#### PROVIDED RECORDS

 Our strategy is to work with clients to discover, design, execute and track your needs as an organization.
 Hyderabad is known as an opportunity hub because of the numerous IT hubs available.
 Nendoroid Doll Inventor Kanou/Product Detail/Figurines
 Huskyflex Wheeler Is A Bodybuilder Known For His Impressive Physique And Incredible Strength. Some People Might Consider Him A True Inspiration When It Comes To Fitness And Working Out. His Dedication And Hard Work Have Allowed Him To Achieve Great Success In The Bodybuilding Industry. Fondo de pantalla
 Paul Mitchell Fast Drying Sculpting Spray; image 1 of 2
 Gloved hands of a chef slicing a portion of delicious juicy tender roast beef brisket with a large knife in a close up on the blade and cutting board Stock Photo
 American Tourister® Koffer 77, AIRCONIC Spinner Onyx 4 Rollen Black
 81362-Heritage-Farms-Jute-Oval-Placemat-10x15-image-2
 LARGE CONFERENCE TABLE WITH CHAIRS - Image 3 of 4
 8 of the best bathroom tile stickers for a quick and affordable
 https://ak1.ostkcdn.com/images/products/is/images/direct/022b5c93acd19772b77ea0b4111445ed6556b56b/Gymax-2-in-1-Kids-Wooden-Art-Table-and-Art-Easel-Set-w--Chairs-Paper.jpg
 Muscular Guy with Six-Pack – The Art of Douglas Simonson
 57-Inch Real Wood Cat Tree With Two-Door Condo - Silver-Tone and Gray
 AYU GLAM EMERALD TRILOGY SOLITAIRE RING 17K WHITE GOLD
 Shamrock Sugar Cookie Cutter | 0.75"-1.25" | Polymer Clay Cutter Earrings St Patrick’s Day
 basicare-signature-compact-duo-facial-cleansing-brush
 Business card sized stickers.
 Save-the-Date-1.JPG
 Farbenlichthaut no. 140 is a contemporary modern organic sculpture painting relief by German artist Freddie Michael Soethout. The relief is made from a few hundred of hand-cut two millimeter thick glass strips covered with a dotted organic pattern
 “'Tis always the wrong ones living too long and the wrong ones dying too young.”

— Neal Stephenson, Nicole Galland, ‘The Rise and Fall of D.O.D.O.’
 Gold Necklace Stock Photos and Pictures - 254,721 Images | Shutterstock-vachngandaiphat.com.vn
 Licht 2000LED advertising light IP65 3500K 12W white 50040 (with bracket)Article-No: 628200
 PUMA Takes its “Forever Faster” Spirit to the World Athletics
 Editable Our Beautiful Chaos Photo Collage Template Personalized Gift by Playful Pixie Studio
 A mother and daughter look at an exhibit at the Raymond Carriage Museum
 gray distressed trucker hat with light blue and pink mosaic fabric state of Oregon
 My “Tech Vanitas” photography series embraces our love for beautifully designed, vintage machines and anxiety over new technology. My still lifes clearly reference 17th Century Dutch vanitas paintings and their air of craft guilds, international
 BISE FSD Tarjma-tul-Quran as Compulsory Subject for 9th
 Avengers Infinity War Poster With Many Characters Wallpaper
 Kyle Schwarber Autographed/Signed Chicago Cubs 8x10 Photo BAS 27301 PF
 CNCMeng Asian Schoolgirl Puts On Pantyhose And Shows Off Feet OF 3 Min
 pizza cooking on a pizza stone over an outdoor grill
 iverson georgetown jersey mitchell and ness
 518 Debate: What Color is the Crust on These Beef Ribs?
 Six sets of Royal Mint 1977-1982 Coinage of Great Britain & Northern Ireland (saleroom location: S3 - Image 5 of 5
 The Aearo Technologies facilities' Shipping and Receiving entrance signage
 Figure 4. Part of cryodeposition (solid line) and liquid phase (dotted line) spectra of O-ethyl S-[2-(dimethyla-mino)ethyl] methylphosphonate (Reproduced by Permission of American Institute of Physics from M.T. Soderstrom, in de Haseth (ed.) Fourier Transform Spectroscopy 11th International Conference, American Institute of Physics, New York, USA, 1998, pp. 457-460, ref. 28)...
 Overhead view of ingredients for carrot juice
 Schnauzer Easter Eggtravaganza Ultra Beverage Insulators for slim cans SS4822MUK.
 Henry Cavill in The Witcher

########

WHAT YOU NEED TO DO:
Among the records above, find each line containing the string "stickers" and copy it.

RESPONSE TO THIS TASK:
 8 of the best bathroom tile stickers for a quick and affordable
 Business card sized stickers.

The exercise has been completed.